Sex and Cash

Usually in this newsletter I take whatever little story I start out with and find a way to tie it to presentation skills. If presentation skills are what bring you here, sorry man, couldn’t do it this week. So if you’re one of those people, come back next week, and in the meantime entertain yourself with this or this.

Anyway, for those of you who are still here:

There was a guy some years ago, Hugh Macleod, who had this great framework for life, Sex and Cash. According to Sex and Cash, there are the things you do for fun and fulfillment (the Sex half of the framework) and there are the things you do for money (the Cash half of the framework), and in real life the two are usually not going to be the same (the ultimate goal is to bring them together, but that’s called prostitution, and the metaphor kind of breaks down quickly there, I guess).

BTW, I read a couple of his books about 10 or 15 years ago, “Ignore Everybody: and 39 Other Keys to Creativity” and “Evil Plans: Having Fun on the Road to World Domination.” Today he’s still around and going strong. He runs a company in Florida called Gaping Void. I’m glad to see he found a way to integrate Sex and Cash in his life.

It was clear at the time I read those books that Sex and Cash were not fully integrated in Hugh’s life, but he had the vision in his head, and things were heading in the right direction.

My point is that if Sex and Cash are not integrated in your life right now, that’s fine. It doesn’t mean that anything is wrong. We hear a lot of this “do what you love” crap, and it’s easy to feel like if we’re not doing what we love, the dream is getting further and further away. Truth is, and I think Hugh Macleod would agree, there will be times in your life when they are integrated, and there will be times when they are not, and once they reach integration, it’s not going to stay like that forever, they will break apart and then you’ll thrash around a bit while you bring them back together.

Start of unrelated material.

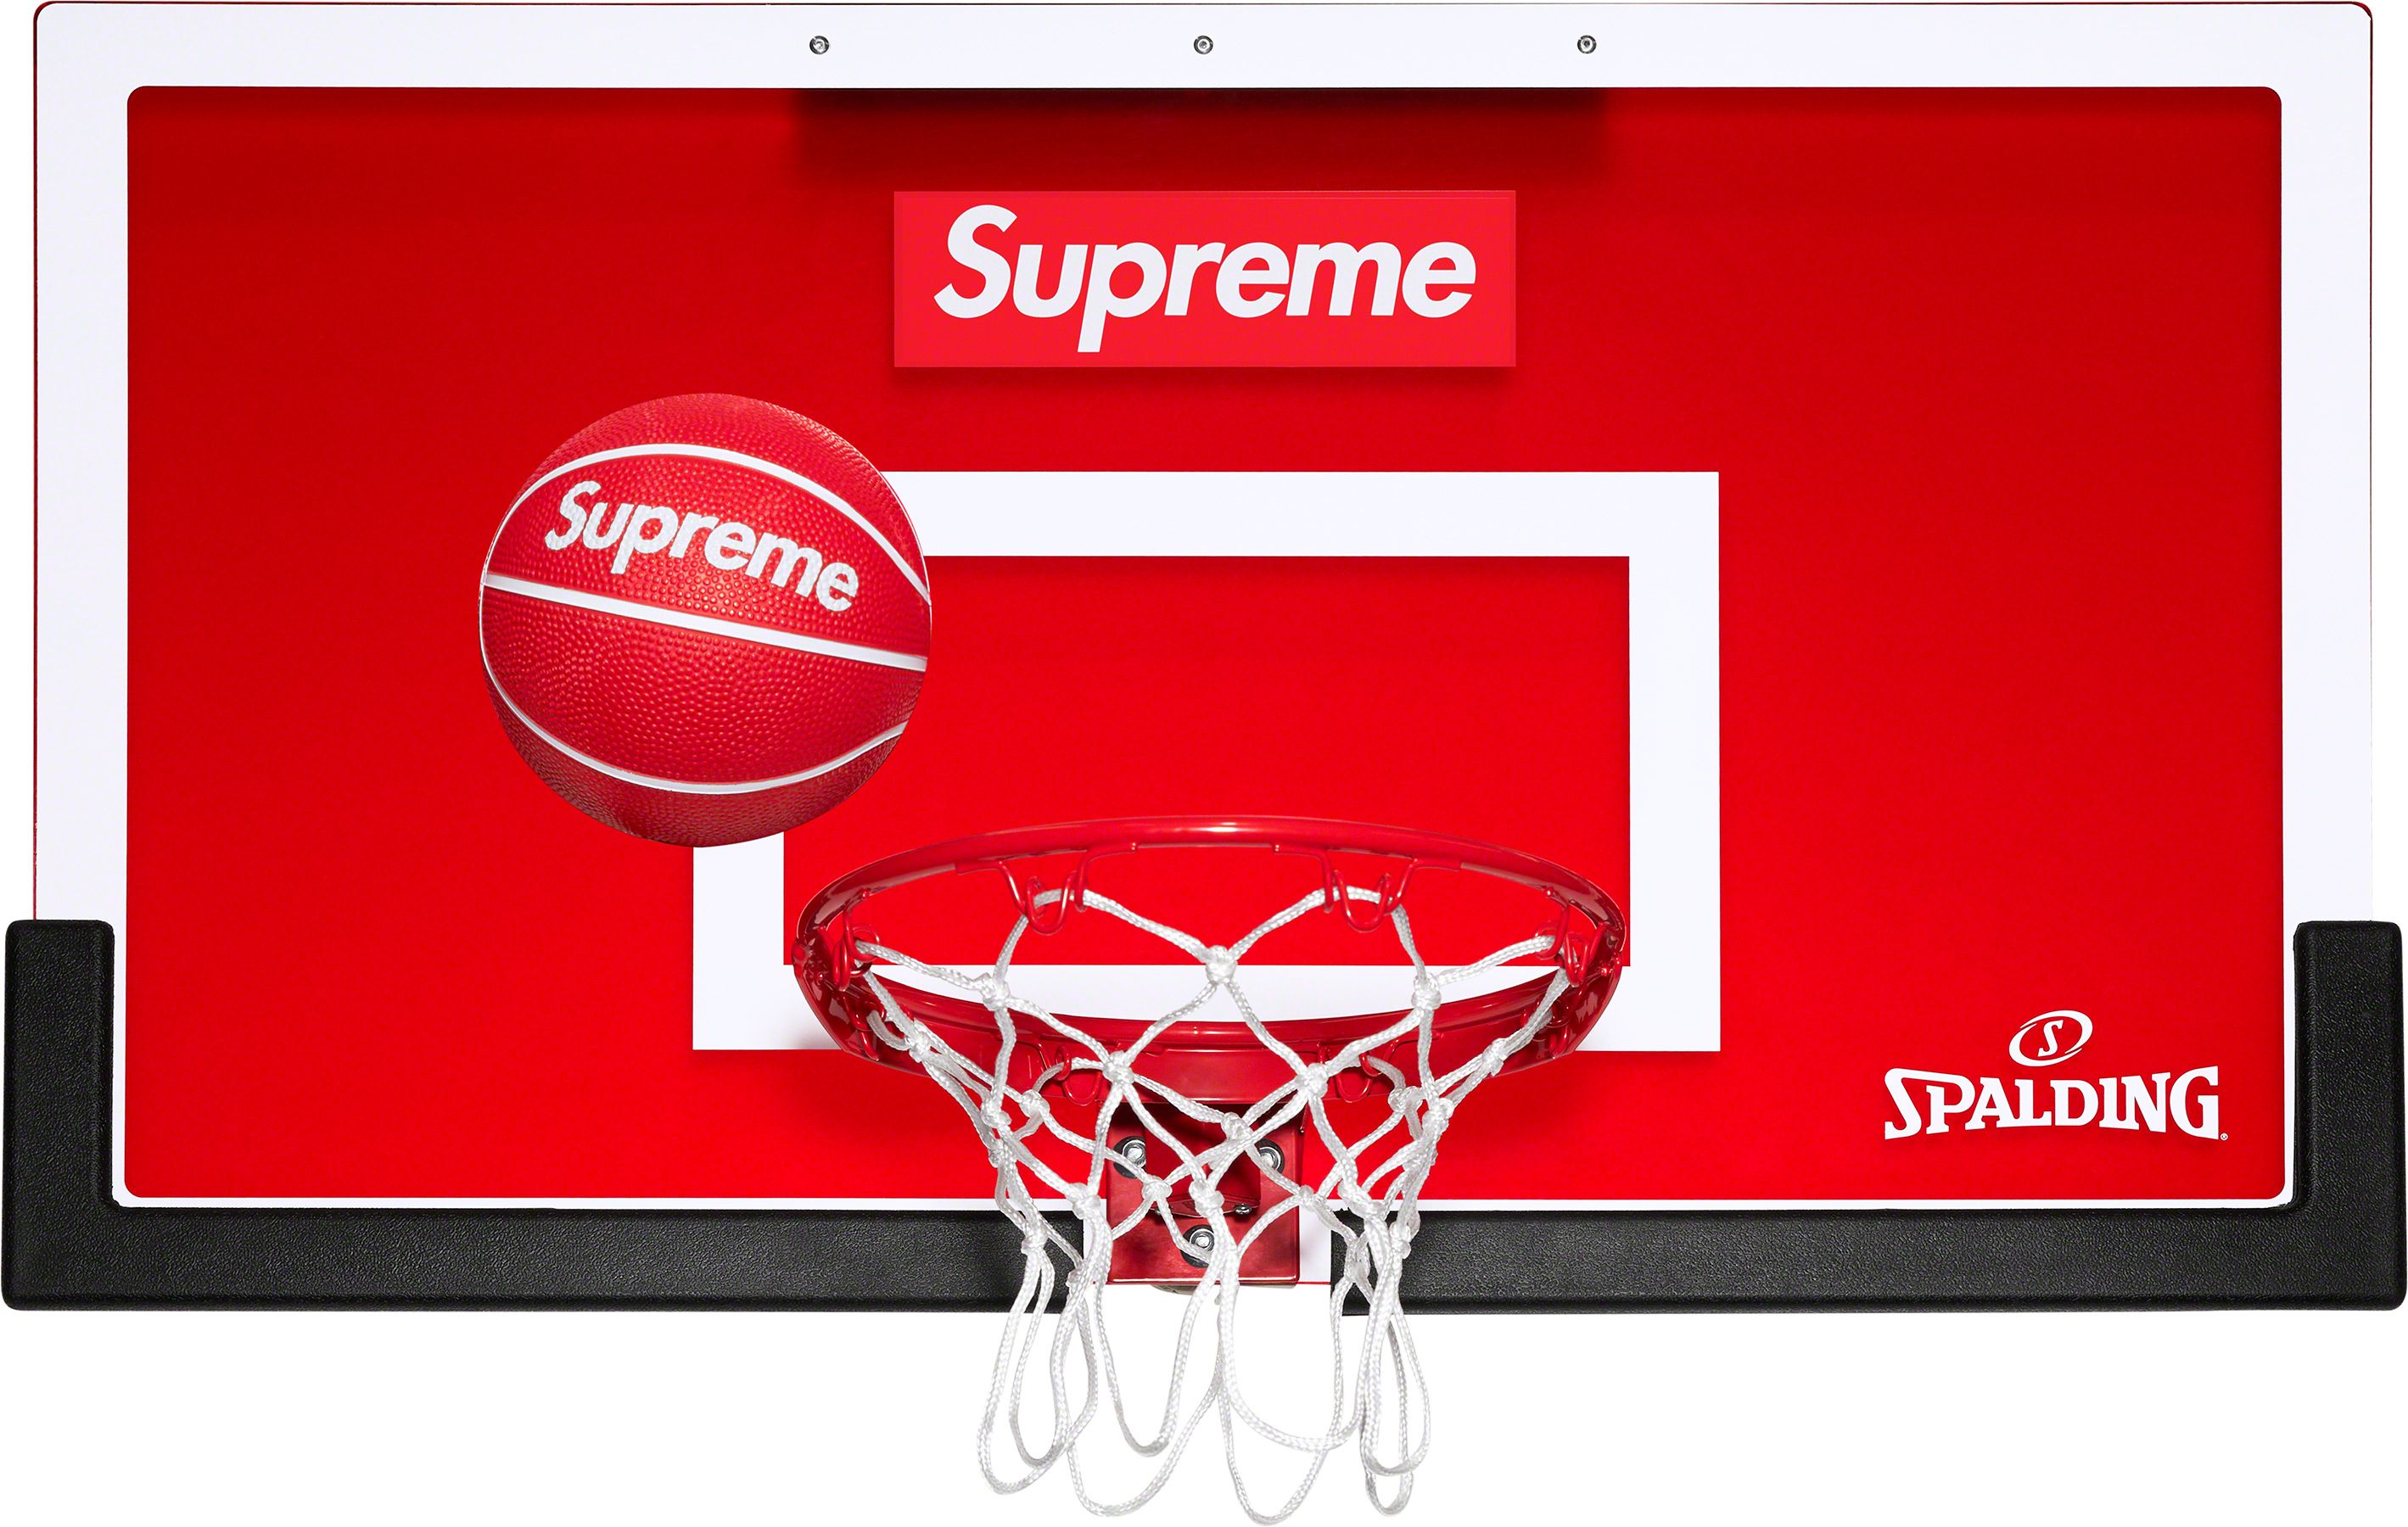 【新品未開封】Supreme Spalding Mini BasketballSup

So whether your dream is to move to Belize, sell garden gnomes in Seattle, or open a pilates studio in Istanbul (yes, that example was for you, you know who you are), keep the dream in the front of your head where the sinuses are, so that when you take a deep breath, air runs across the dream. In other words, keep the dream alive, keep it up front where you can see it, and always be doing at least something to be getting closer to it, it’ll come.

Okay, I know I told the presentation people they needed to leave this week, I couldn’t figure out how to bring it around for them. But I’m going to try, here we go…

Remember that humans are social animals, and they take their cues from what they see others doing. So if you want your audience to see your dream too, you need to see it during your presentation. Keep the dream front and center in your mind. That’s why you practice a lot, to get all those other things out of the way, to build them into muscle memory, so the dream can come back and dominate you and the rest of the room.

Oh, and before I go, back to Hugh Macleod for a second. In one of his Gaping Void blog posts this week, he mentioned the Acquired podcast. As many of you know, I am a huge Acquired fan-boy and go all ga-ga like a preteen girl at a Beyonce concert whenever someone mentions them.